Всё это делалось в интересах демократического реформирования страны. Действительно, кому было надо, чтобы у нас в стране уважались права человека: США, Западной Европе, ели нам самим? Впрочем, и имм тоже, чтобы понять, можно ли иметь дело с Советами. Но ответ Запада на этот вопрос означал для нас возможность разоружения и снижение военных расходов, установление нормальных политических и экономических отношений с ним.
Я тогда занимался чёртовой прорвой самых сложных и острых проблем:
инвентаризацией наших обязательств по правам человека и соответствия им законодательства и практики его применения (картинка получилась страшноватая);
приведением советского законодательства в соответствие с международными обязательствами СССР;
ликвидацией политических и религиозных статей Уголовного кодекса;
ликвидацией карательной психиатрии;
законом о выезде-въезде;
нормализацией режима секретности, сокращением списка «сведений не подлежащих публикации в печати», который был «путеводной звездой» этого режима, ограничением срока секретности и т.д.;
отменой смертной казни, приведшей только к резкому сокращению статей, по которому она могла быть применена;
религиозной свободой и законом о свободе совести и религиозных организациях;
освобождением политических и религиозных заключённых из мест лишения свободы;
Указом ПВС СССР о порядке введения и регулирования режима чрезвычайного положения - надо было обеспечить права человека в этих случаях, неотложность этой работы была вызвана событиями в Нагорном Карабахе;
Реформой УПК;
регламентированием применения силы должностными лицами по поддержанию правопорядка по следам событий в Тбилиси и в Прибалтике;
положением дел в Прибалтийских республиках (было далеко непросто доказать, что никакие права человека там не нарушались);
улучшением положения задержанных и заключённых,
разрешением трудовых споров и правом на забастовку,
etc., etc, включая, например, отправку на свалку устава средней общеобразовательной школы, документы, регламентирующие борьбу с распространением СПИДа в стране, и так - до бесконечности. Плюс к этому, «текучка» по Венской конференции, а с осени 1990 года - плотная подготовка к Московскому совещанию Конференции по человеческому измерению СБСЕ.

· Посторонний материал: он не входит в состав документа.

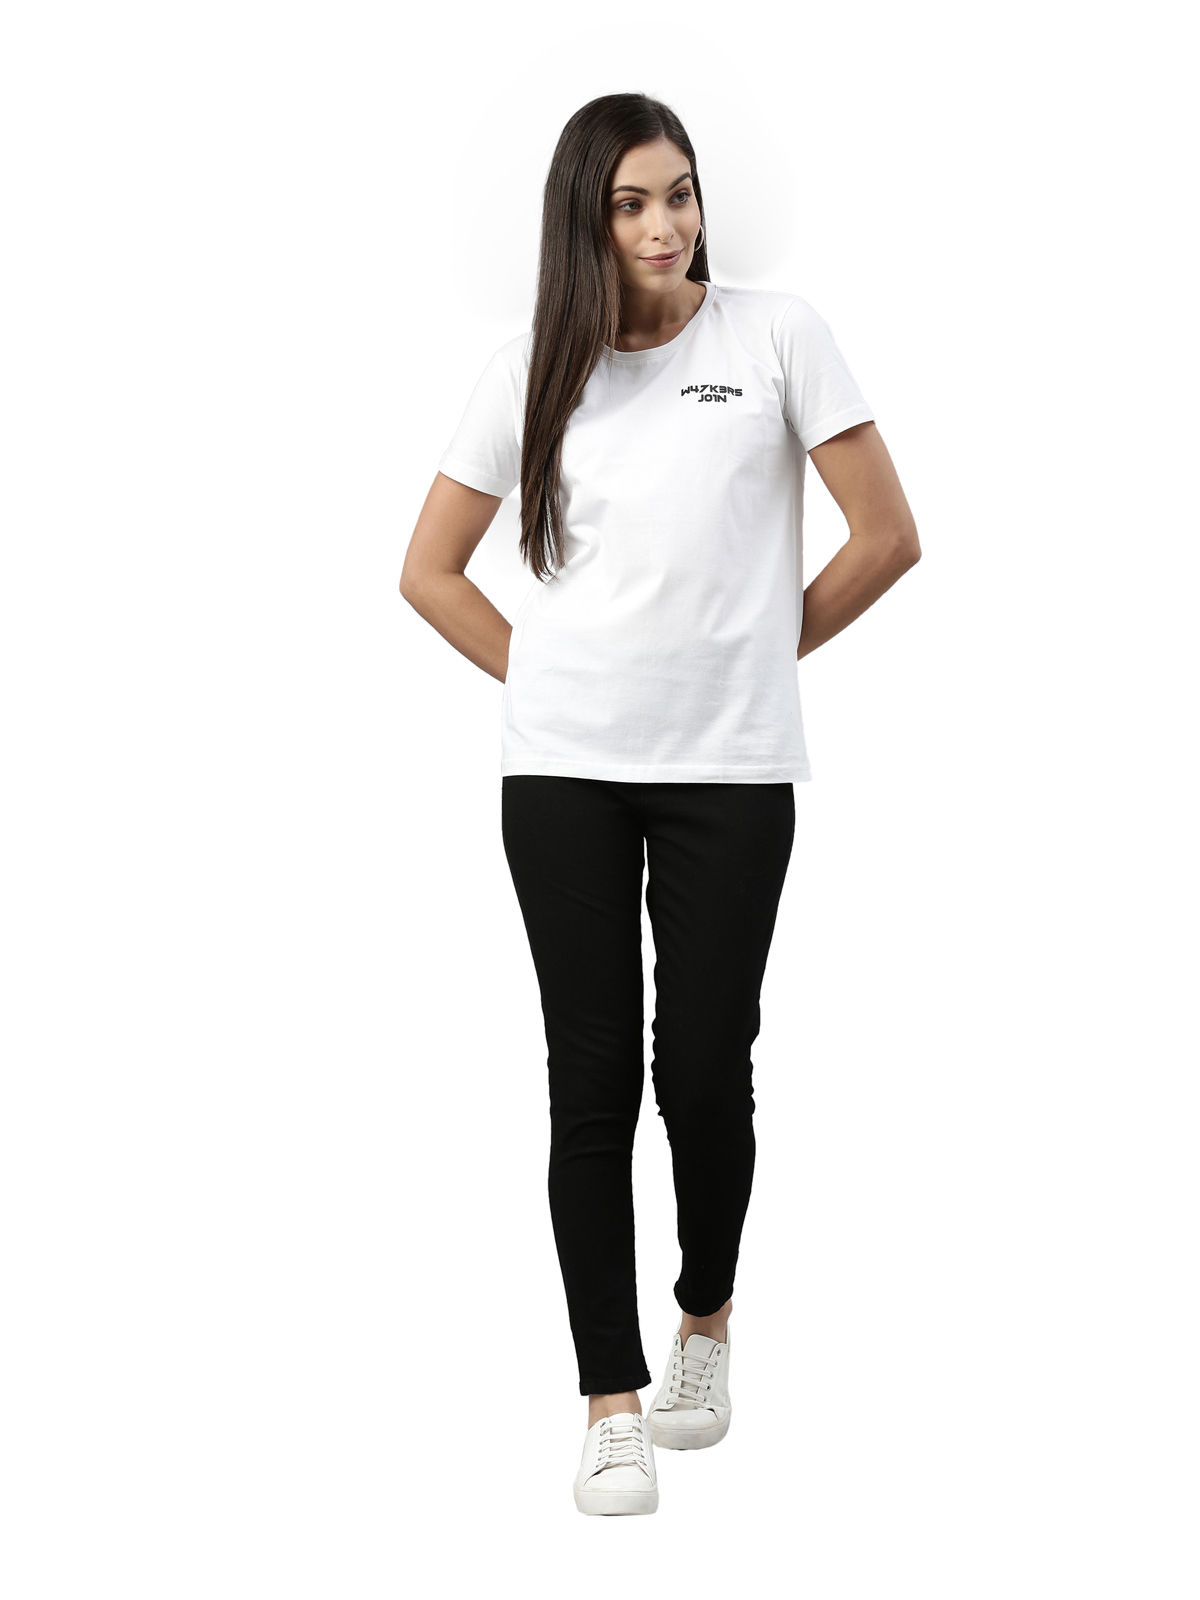 Women's T shirts - Buy Tshirts Online for Women in India – Westside

(Если это кого-то заинтересует, могу запостить выжимку из моей опубликованной в Германии книги.)
Если я отвечал за правочеловеческую часть Венской встречи, то отец - за неё в целом (как первый замминистра он курировал Европу и, в частности, Общеевропейский процесс). Но наше управление курировал его ученик и большая умница А. Л. Адамишин.
Итак, практически вся работа по вживлению прав человека в советскую отнюдь не правовую действительность прошла под знаком Московского совещания Конференции по человеческому измерению СБСЕ. В отличие от других дипломатических форумов, подготовка к Московскому совещанию носила далеко не дипломатический в традиционном смысле этого слова характер. Она практически целиком была замкнута на решение наших внутренних проблем. Так что вся моя предыдущая работа в МИДе так или иначе была связана с этим мероприятием.
Это, наверное, был самый драматичный из всех правочеловеческих форумов. Вплотную оно начало готовиться осенью девяностого года - на фоне шквальной критики в Парламенте в адрес МИД СССР, истерических требований о введении в стране чрезвычайного положения.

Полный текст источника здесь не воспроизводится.